• Data

-----

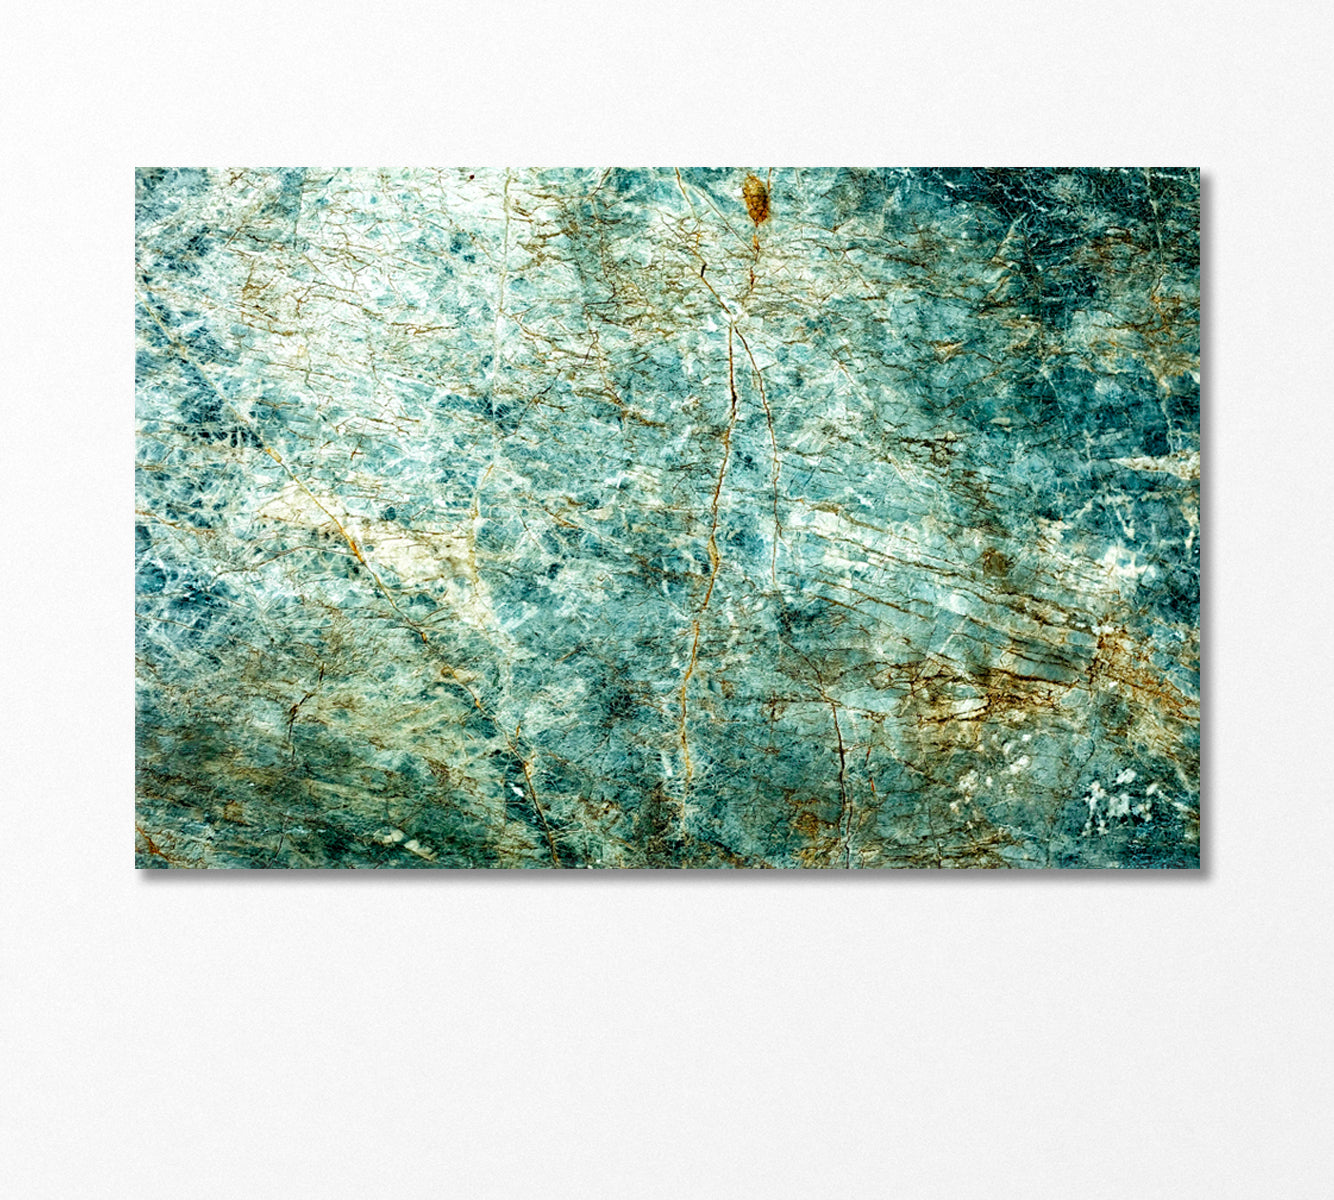 Abstract Old Stone Wall with Cracks Canvas Print-Canvas Print-CetArt-1 Panel-24x16 inches-CetArt
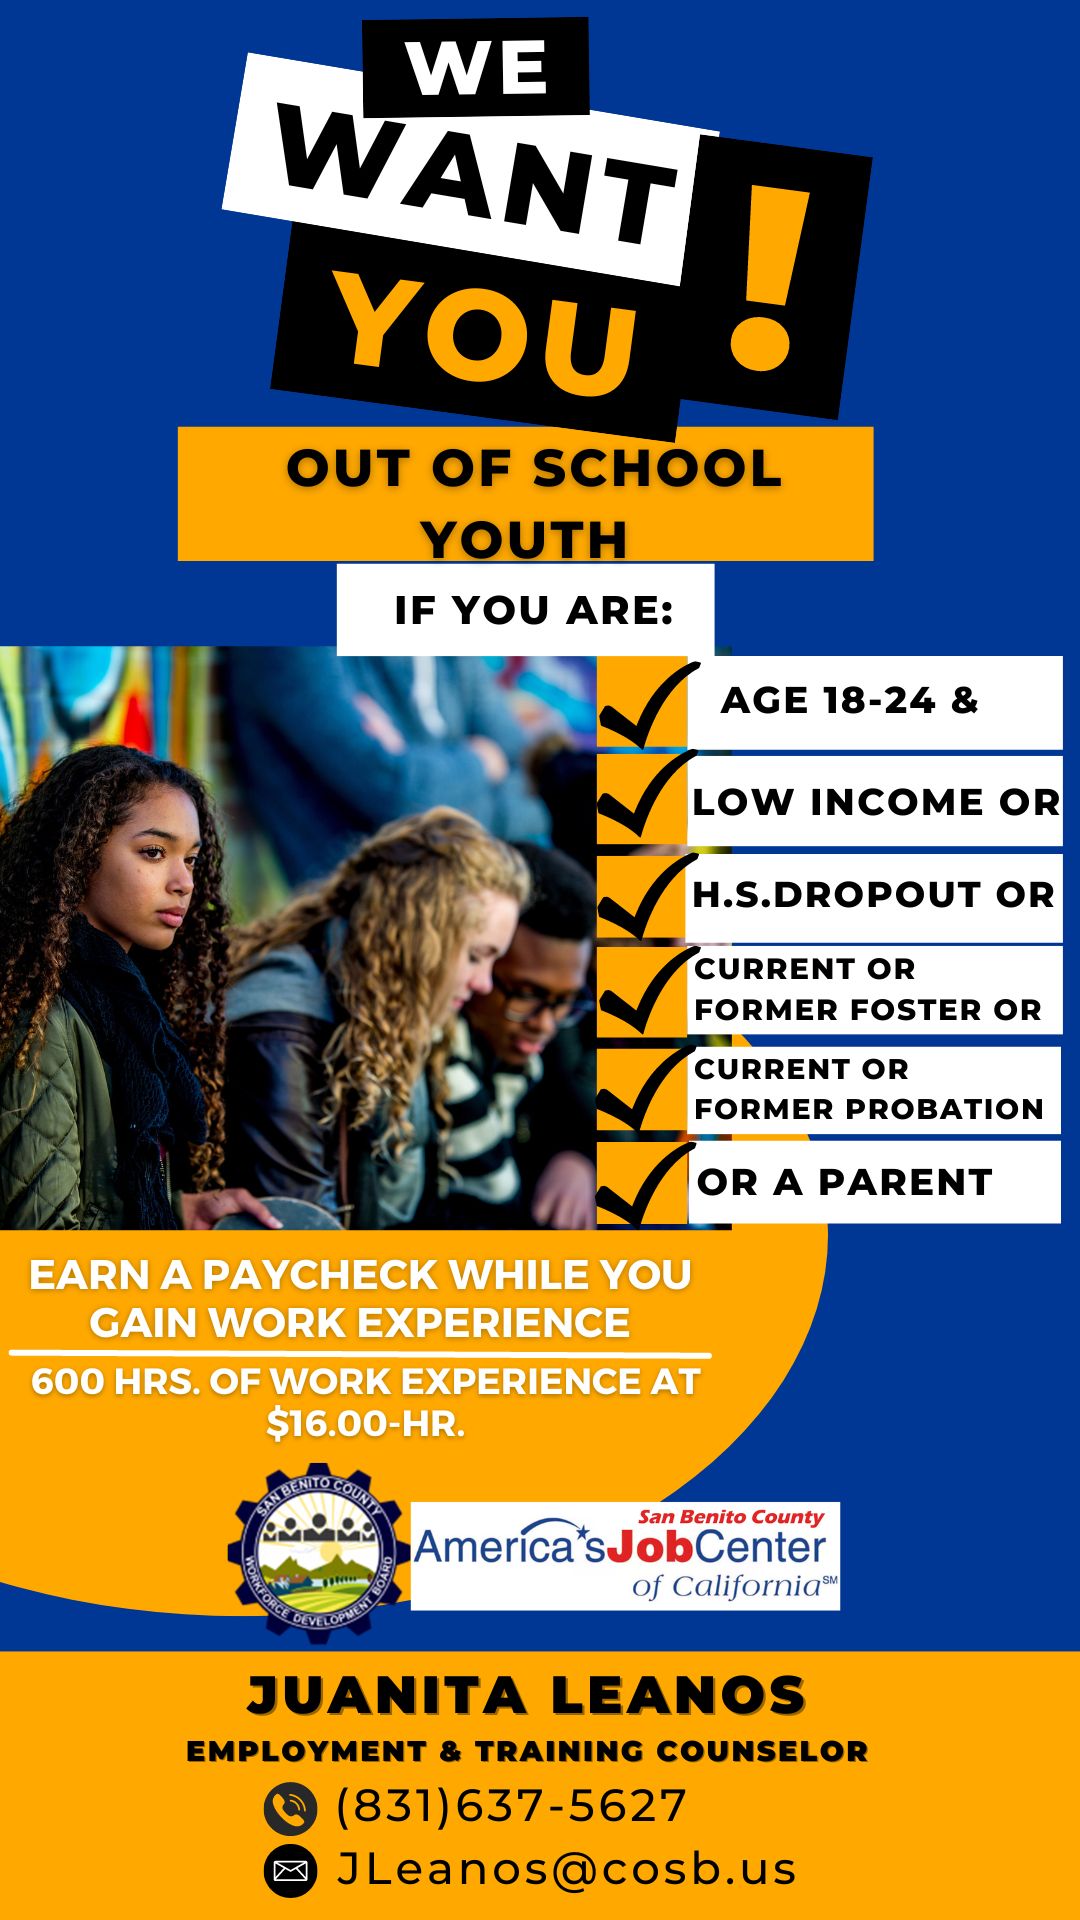 Out of School Youth Program- Taking Applications!
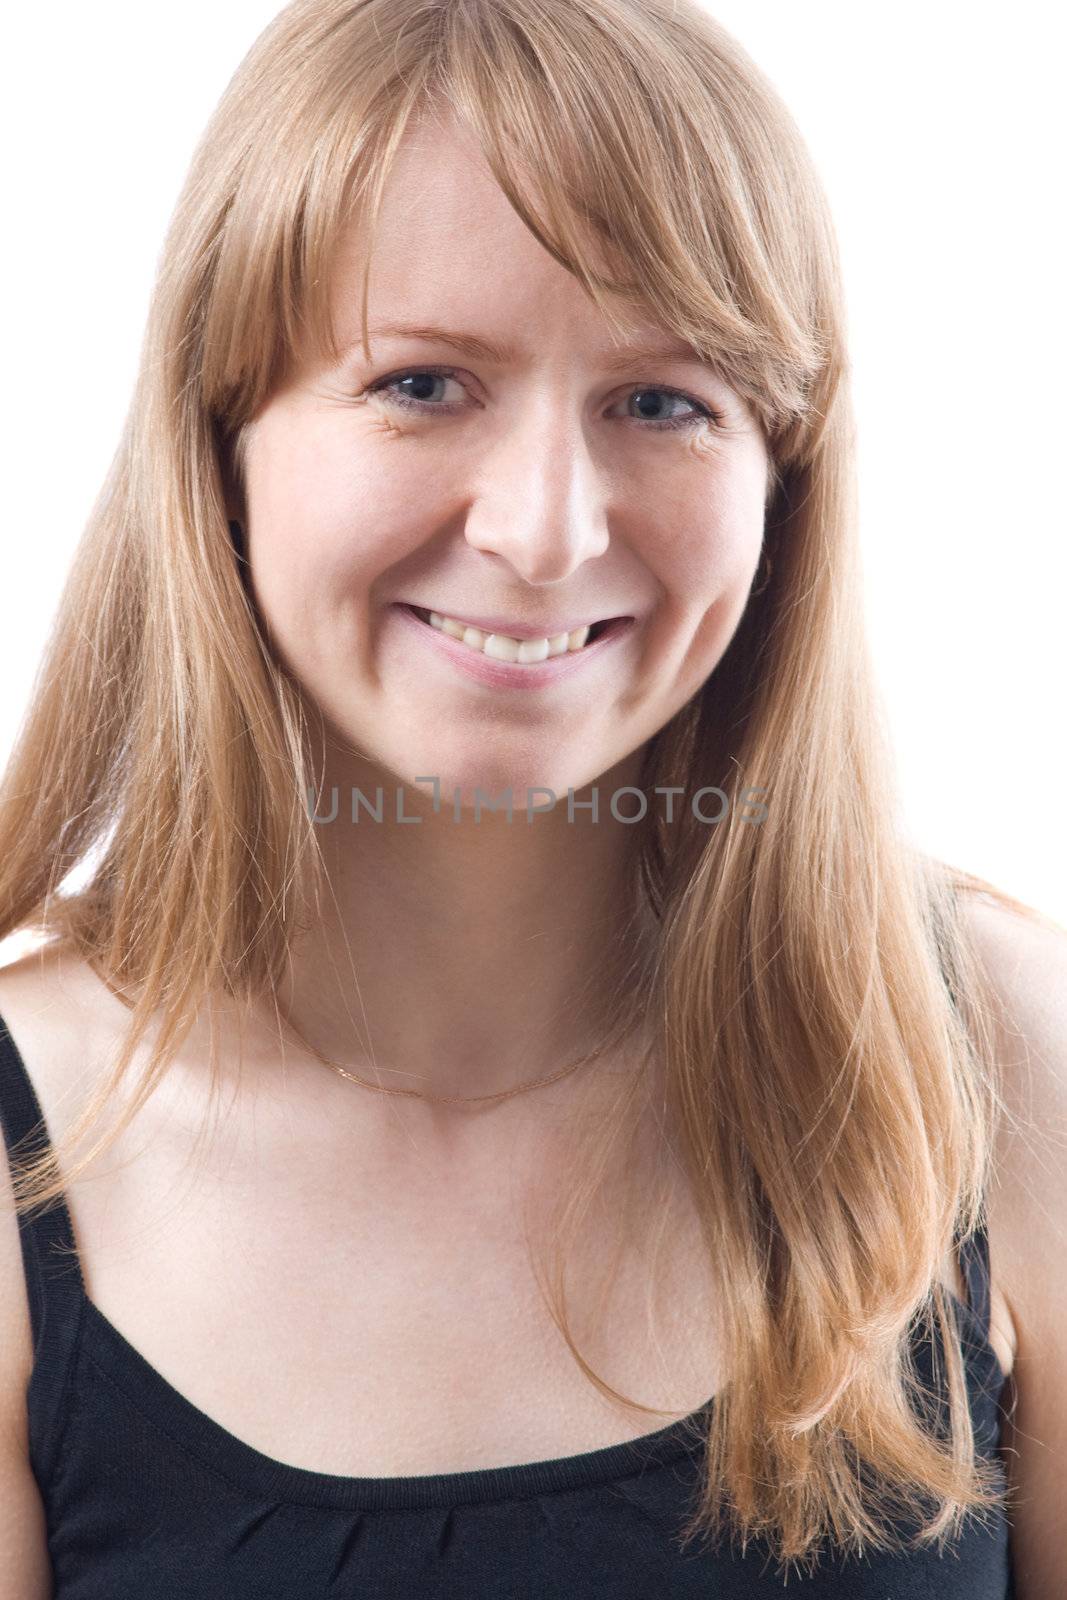 Portrait of young smiling woman. Isolated on white.

-----

Take the line with "Out of School" and each line after it through the end of the material above, and reproduce them exactly, both ends included, without pictures.

• Solved problem
 Out of School Youth Program- Taking Applications!
 Portrait of young smiling woman. Isolated on white.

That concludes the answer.